The changing role of banks in Singapore
The changing role of banks in Hong Kong SAR

We compare three different emerging market regions: Asia, Europe and Latin America. For Asia-Pacific, we therefore focus on nine major emerging economies and exclude Australia, Japan and New Zealand, as described in footnote 1 to Graph A. McCauley et al (2002) analyse bonds underwritten and loans syndicated for borrowers in Asia excluding Japan between 1999 and 2002, and find that Asian bond investors and banks on average committed half of the funds involved.

The shift coincided with greater concentration in the creditor banking systems. Between the fourth quarter of 2007 and the first quarter of 2015, the combined market share of the three largest creditor countries rose for most of the major economies in the region (Graph 1, right-hand panel). The increase in concentration was pronounced for Indonesia, Korea, Malaysia, New Zealand, the Philippines and Thailand. For these six borrowing countries as a group, the five largest creditors in the first quarter of 2015 included three economies from the region - Australia, Japan and Singapore - besides the United Kingdom and the United States. In 2007, the list of the five largest creditors had included France and Germany instead of Australia and Singapore. As of the first quarter of 2015, Australia was the most important creditor for New Zealand, Japan for Indonesia and Thailand, and Singapore for Malaysia.

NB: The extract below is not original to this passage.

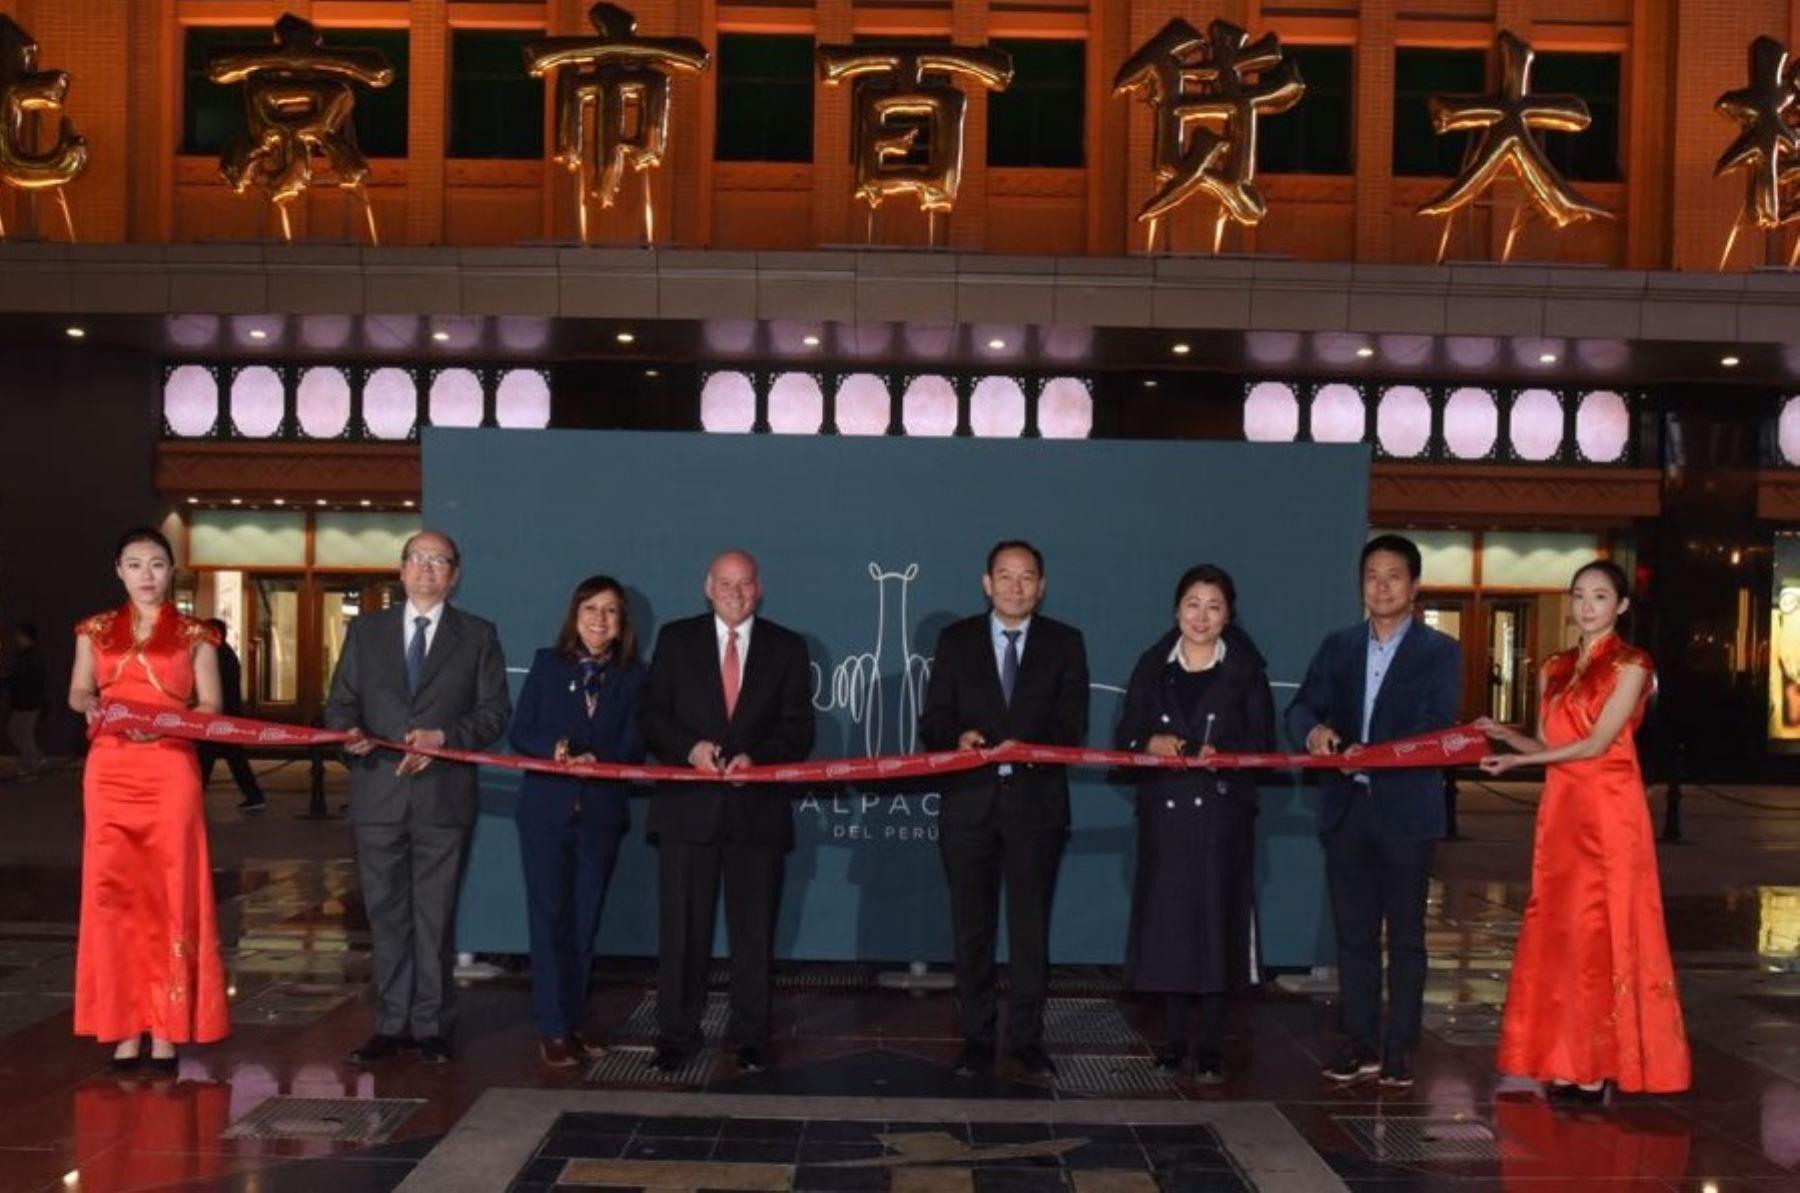 Ministro Eduardo Ferreyros inaugura primera tienda de productos de alpaca en China. Foto: Cortesía.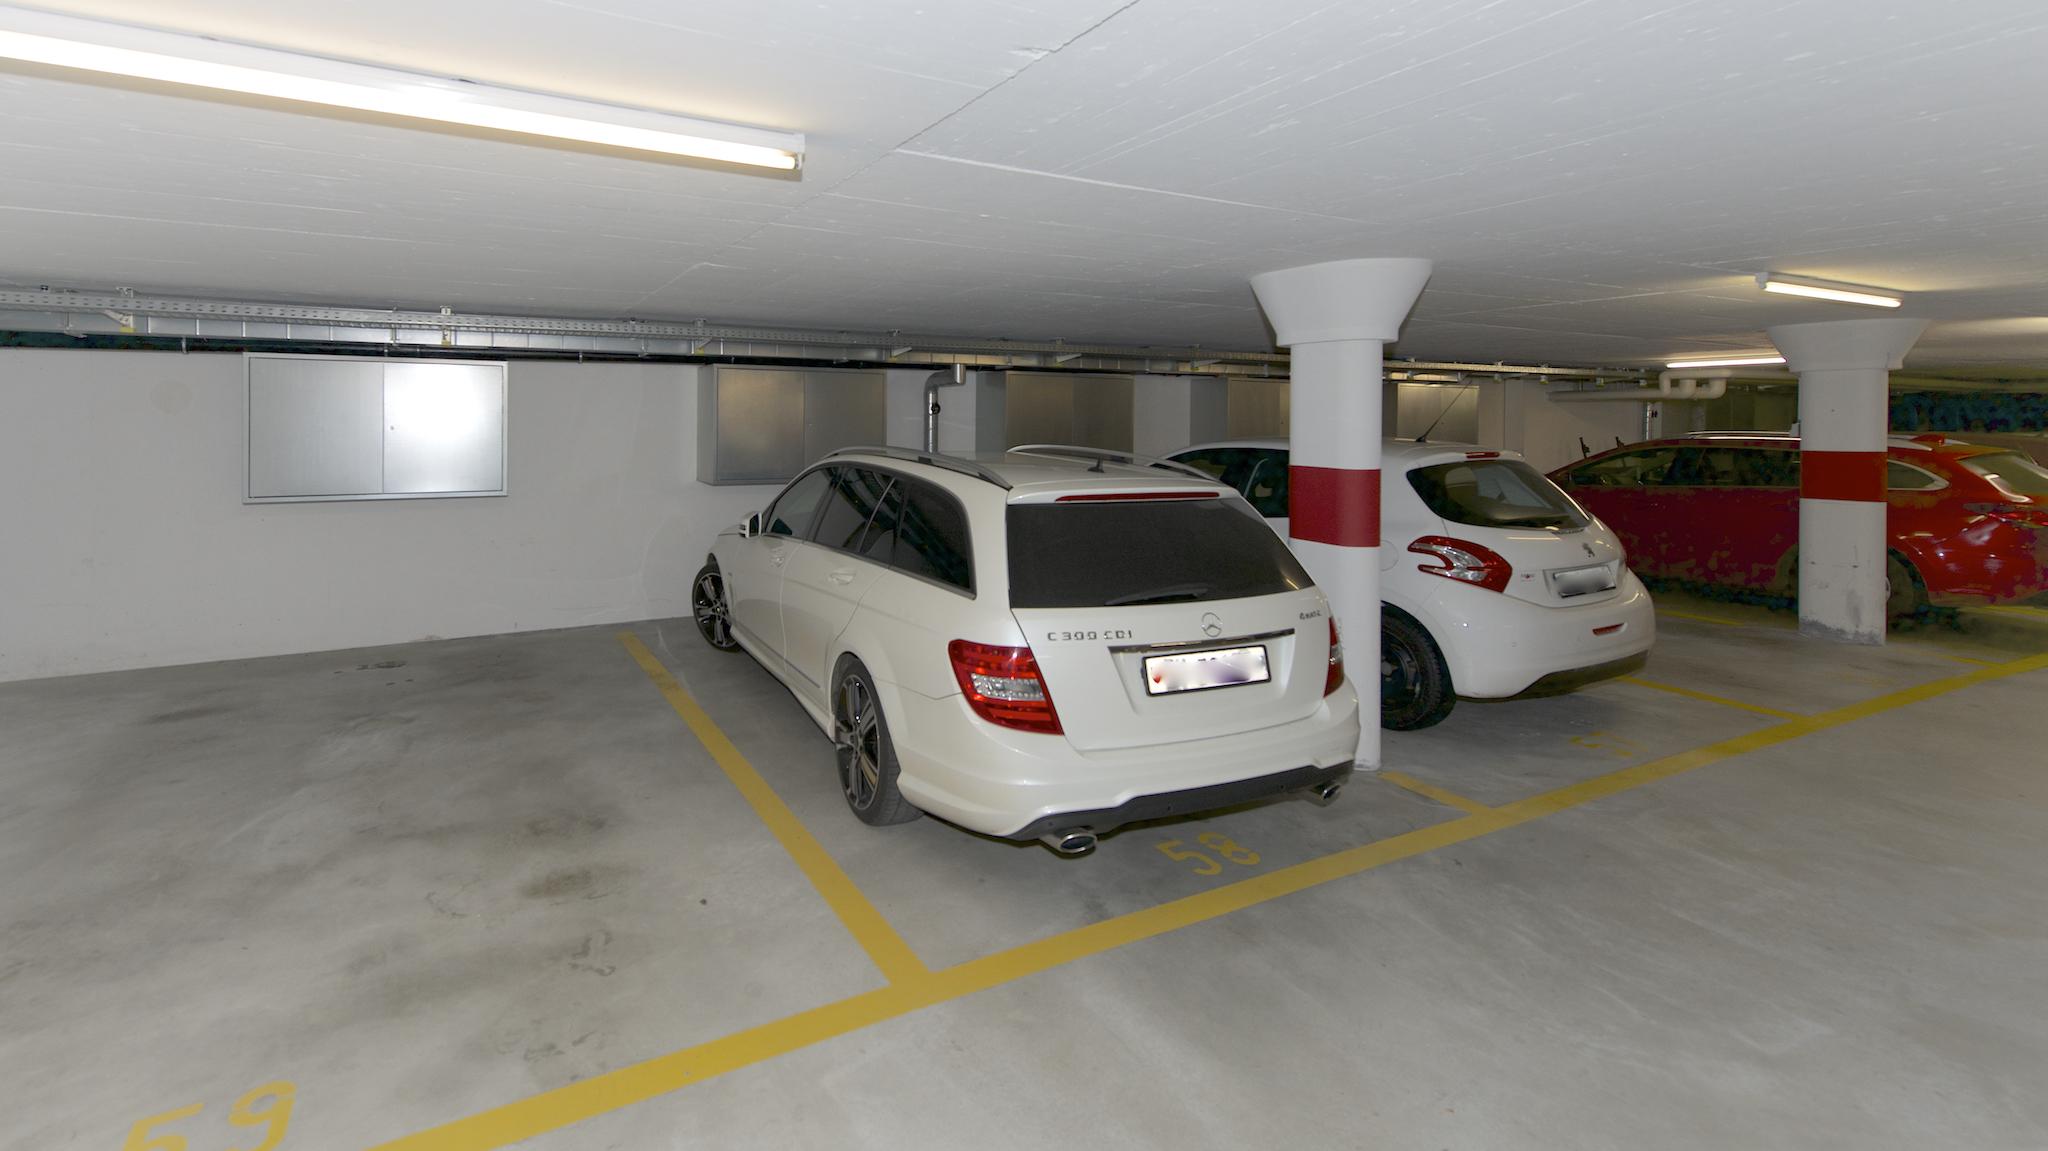 Garagenplatz (ohne Auto😉)

Regional banks' foreign affiliates and business models

Foreign branches and subsidiaries

Cross-border banking involves either a bank in one country lending directly to borrowers in another, or a foreign bank lending through local branches or subsidiaries. To the extent that intraregional cross-border banking activity in Asia and the Pacific continues to intensify, the regional expansion of Asia-Pacific banks is likely to take the form of increased activity by branches and subsidiaries, as banks seek to establish a more permanent institutional presence in their target markets. Within the narrower ASEAN region, a recent banking integration initiative is likely to quicken the process (Box 2).

Almost all of the major economies in Asia- Pacific have banks with foreign branches or subsidiaries elsewhere in the region. As of the end of 2014, together the banks of Australia, China, India, Japan, Korea and Singapore counted 30 or more foreign branches and subsidiaries in the 12 major economies in the region. Most of them are also hosts to regional banks: China, Hong Kong SAR, Japan and Singapore each had 30 or more foreign branches and subsidiaries from elsewhere in the region (Graph 2).

In establishing a presence elsewhere in the region, Asia-Pacific banks tend to do so in the form of branches rather than subsidiaries: the former outnumber the latter by two to one. Foreign banks from outside the Asia-Pacific region also set up their local affiliates in the region predominantly in the form of branches: their Asia-Pacific branches outnumber their subsidiaries by five to one. However, banks headquartered in ASEAN countries generally have more subsidiaries than branches within the ASEAN region.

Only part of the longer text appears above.